TASK PROMPT:
The records below hold a stretch from the line with "2016-2022年中国FGD空气质量控制系统产业规模调查及盈利战略分析报告" through the line with "Mutt T-Shirt"; return exactly those lines, ends included, and nothing more.

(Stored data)

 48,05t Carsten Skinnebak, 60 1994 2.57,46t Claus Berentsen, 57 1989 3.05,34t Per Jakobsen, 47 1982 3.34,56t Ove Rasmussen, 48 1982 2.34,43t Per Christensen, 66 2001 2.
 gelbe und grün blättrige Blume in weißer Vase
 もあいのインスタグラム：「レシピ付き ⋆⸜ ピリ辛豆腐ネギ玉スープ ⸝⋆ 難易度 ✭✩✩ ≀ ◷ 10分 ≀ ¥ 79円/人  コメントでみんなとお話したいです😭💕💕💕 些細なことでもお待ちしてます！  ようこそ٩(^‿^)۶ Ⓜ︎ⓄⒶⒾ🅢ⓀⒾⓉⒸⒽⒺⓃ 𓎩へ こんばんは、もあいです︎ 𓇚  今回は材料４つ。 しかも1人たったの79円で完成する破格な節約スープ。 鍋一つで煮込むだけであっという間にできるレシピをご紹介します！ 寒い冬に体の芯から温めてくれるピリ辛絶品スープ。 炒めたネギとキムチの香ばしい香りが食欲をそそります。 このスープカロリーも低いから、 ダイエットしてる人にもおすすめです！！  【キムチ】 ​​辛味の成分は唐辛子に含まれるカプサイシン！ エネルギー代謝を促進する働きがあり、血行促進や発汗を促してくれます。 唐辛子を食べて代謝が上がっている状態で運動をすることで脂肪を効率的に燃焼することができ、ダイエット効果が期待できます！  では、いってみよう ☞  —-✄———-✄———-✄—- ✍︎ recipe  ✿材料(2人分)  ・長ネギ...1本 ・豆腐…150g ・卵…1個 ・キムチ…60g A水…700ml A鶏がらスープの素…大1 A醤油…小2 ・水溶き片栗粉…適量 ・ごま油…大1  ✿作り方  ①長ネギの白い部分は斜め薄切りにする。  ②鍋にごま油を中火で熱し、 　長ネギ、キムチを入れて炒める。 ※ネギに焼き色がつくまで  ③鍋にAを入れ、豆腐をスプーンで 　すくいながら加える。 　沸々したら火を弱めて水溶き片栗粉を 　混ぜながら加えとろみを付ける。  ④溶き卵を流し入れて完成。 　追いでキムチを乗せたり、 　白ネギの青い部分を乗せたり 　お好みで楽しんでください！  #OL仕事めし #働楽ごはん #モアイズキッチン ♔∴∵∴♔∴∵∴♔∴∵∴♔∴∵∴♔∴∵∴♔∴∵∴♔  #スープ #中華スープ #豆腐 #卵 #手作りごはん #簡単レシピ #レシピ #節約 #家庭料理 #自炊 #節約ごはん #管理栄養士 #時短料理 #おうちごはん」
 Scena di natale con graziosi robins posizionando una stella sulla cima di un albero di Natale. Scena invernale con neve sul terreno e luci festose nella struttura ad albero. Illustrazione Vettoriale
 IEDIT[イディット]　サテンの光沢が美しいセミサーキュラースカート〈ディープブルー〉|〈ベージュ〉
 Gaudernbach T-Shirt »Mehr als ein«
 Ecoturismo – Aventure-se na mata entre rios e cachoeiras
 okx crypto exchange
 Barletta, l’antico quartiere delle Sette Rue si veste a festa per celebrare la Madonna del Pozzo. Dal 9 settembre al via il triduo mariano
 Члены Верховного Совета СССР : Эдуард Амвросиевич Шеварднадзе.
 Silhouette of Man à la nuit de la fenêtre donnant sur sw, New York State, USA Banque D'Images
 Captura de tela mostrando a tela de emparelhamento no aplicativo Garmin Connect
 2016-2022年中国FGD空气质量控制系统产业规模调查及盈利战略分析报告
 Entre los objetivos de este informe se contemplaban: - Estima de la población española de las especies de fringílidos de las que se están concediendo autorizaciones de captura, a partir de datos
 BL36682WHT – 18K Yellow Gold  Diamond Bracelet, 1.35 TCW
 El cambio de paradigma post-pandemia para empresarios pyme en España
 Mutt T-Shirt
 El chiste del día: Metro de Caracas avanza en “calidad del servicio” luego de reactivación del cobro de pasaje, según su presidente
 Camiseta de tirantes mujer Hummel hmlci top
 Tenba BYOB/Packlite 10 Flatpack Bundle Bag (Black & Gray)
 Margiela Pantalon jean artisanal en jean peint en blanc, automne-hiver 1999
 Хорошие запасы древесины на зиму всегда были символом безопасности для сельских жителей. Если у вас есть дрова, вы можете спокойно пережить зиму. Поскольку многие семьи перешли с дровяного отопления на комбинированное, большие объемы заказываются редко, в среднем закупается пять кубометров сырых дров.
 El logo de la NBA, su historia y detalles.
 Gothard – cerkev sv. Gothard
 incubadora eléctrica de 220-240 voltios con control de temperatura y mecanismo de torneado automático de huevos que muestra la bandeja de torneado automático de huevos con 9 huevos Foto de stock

RESPONSE AREA:
 2016-2022年中国FGD空气质量控制系统产业规模调查及盈利战略分析报告
 Entre los objetivos de este informe se contemplaban: - Estima de la población española de las especies de fringílidos de las que se están concediendo autorizaciones de captura, a partir de datos
 BL36682WHT – 18K Yellow Gold  Diamond Bracelet, 1.35 TCW
 El cambio de paradigma post-pandemia para empresarios pyme en España
 Mutt T-Shirt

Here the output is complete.